Here's What McDonald's Does With Its Leftover Food
When you're exploring your favorite McDonald's hacks and toying with the app to figure out how to save the most cash, you probably aren't thinking hard about food waste. As long as your french fries and chicken nuggets (which were not invented by McD's, by the way) are fresh, does it really matter what the restaurant is doing with its excess food? Actually ... yeah, it does. As a global consumer, you should care about the fact that 133 billion pounds and $161 billion (in 2010 dollars, as per the USDA) are lost in food waste every year. It's an ethical, environmental, and economic problem that we all eventually pay for, in a roundabout way.
McDonald's claims, on its website, that it "keeps a close eye" on what foods need to be prepared at what times of day as per traffic patterns, all the better to minimize waste before it's created. The company alleges that less than one percent of food is wasted. McDonald's admits that it doesn't donate leftovers as that would violate its food safety rules but states that cooked food that isn't consumed is at least composted.

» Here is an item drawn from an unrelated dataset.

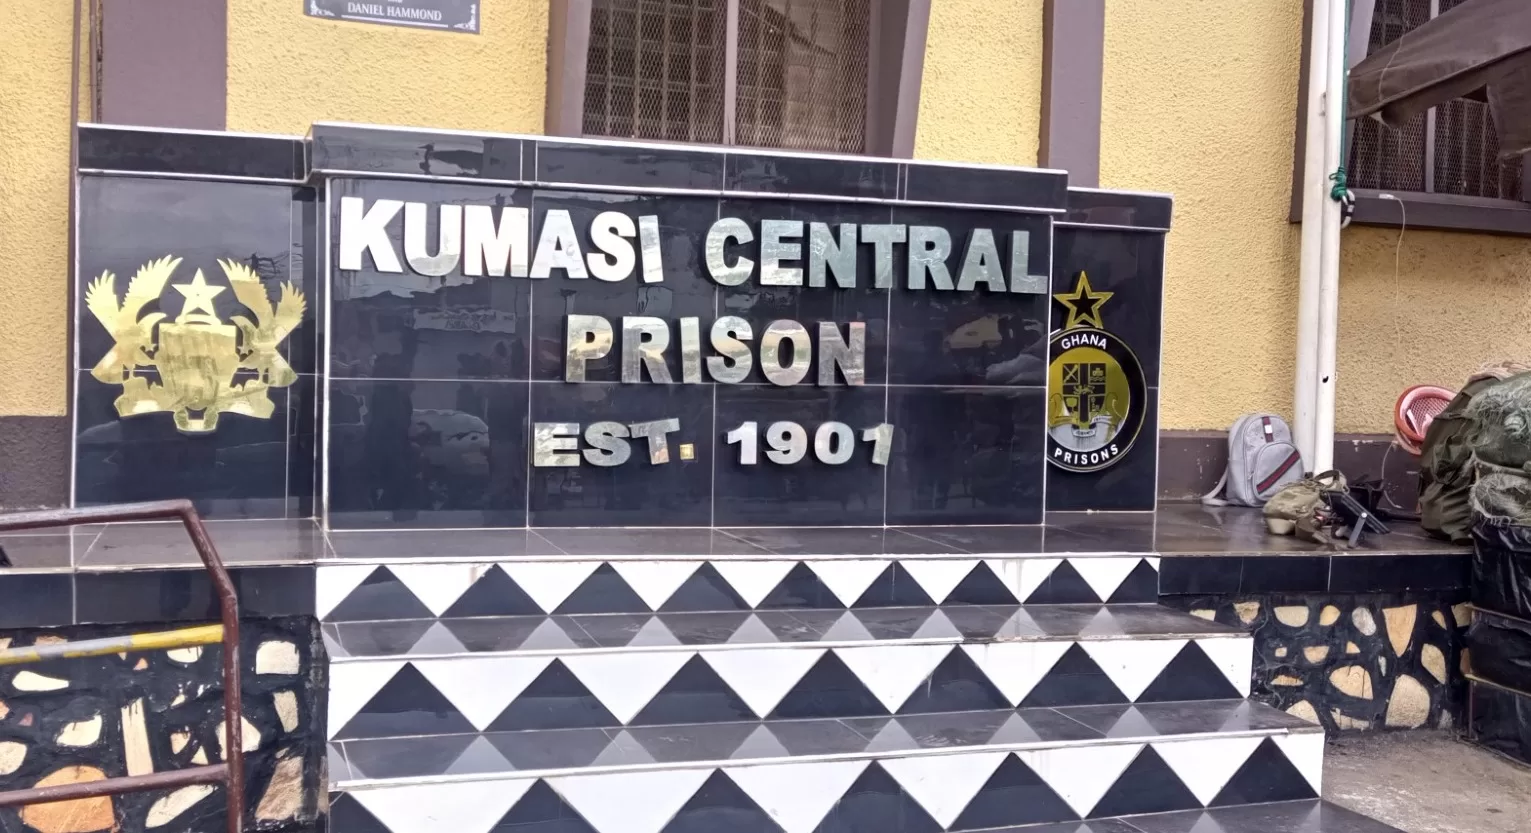 Kumasi Central Prison triple its capacity to 1800 inmates

The company's procedures are in lockstep with the U.S. Environmental Protection Agency's (EPA) hierarchy for dealing with retail food waste, which prioritizes prevention. Although this may vary by location, it also seems that McDonald's occasionally donates unused ingredients — which haven't been cooked — to partner organizations in local communities. This all sounds benign, if not even a little virtuous, but the reality may be quite different, if difficult to prove.
Some claim that McDonald's is McWasting a ton of food, but is it true?

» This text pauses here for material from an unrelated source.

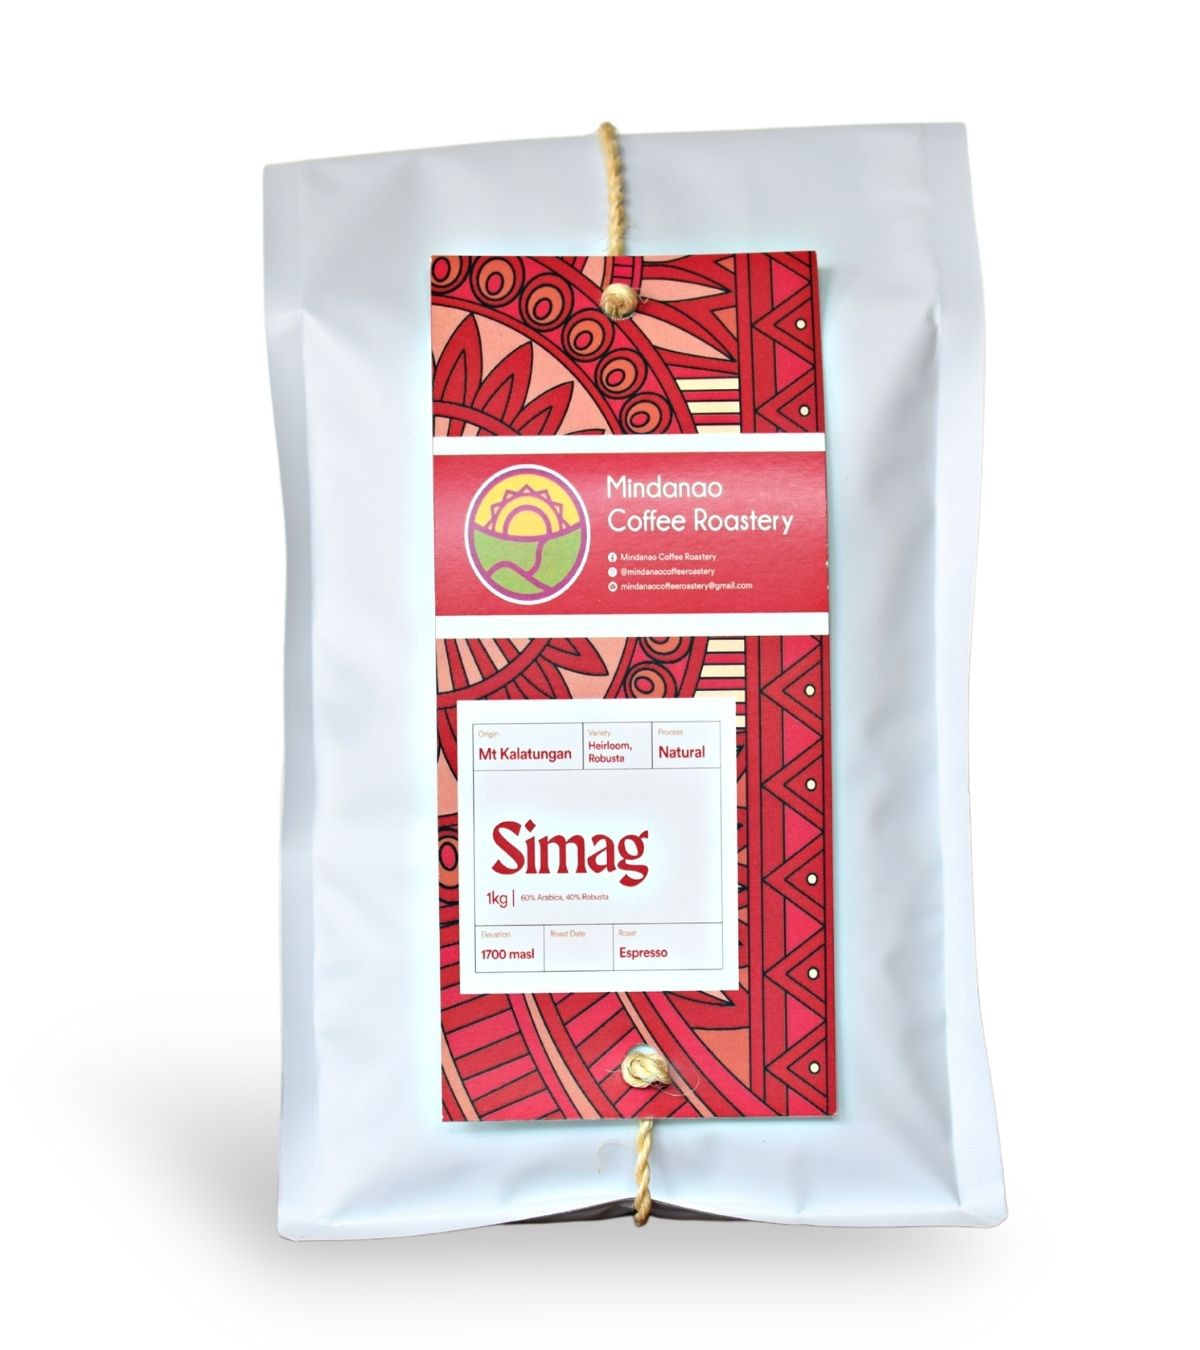 Simag - Mindanao Coffee Roastery

Some allege that, given the five minutes that McDonald's officially claims to hold its fries, there is no way for the Golden Arches to avoid tremendous amounts of wasted product, especially if employees are trying to stay ahead of mealtime rushes. Whether or not this is true is hard to prove — and is oftentimes based on speculation or rumor, not verified fact.
Meanwhile, some self-proclaimed McDonald's employees writing on Reddit claim to have witnessed food waste at their franchise locations. "It depends who is back there and what their mood is at the time at my store," one alleged employee stated when discussing product holding times. "For example, next week we have corporate at our store for 3 days, so either we will have to drop less product or we will end up throwing away more food."
On another thread, a manager's cavalier attitude towards condiments incensed one Redditor: "I'm told by my closing manager that we have to start wasting the table product – lettuce, onions, pickles, etc. – by the end of the night according to our supervisor. regardless of if it's still capable of being saved with saran wrap for the lunch shift tomorrow." Elsewhere, employees at certain stores claimed they could get in trouble for eating expired food themselves, even if the alternative was the trash can. Still, remember that all this is speculative and that many decisions may come via individual franchisees, not necessarily corporate.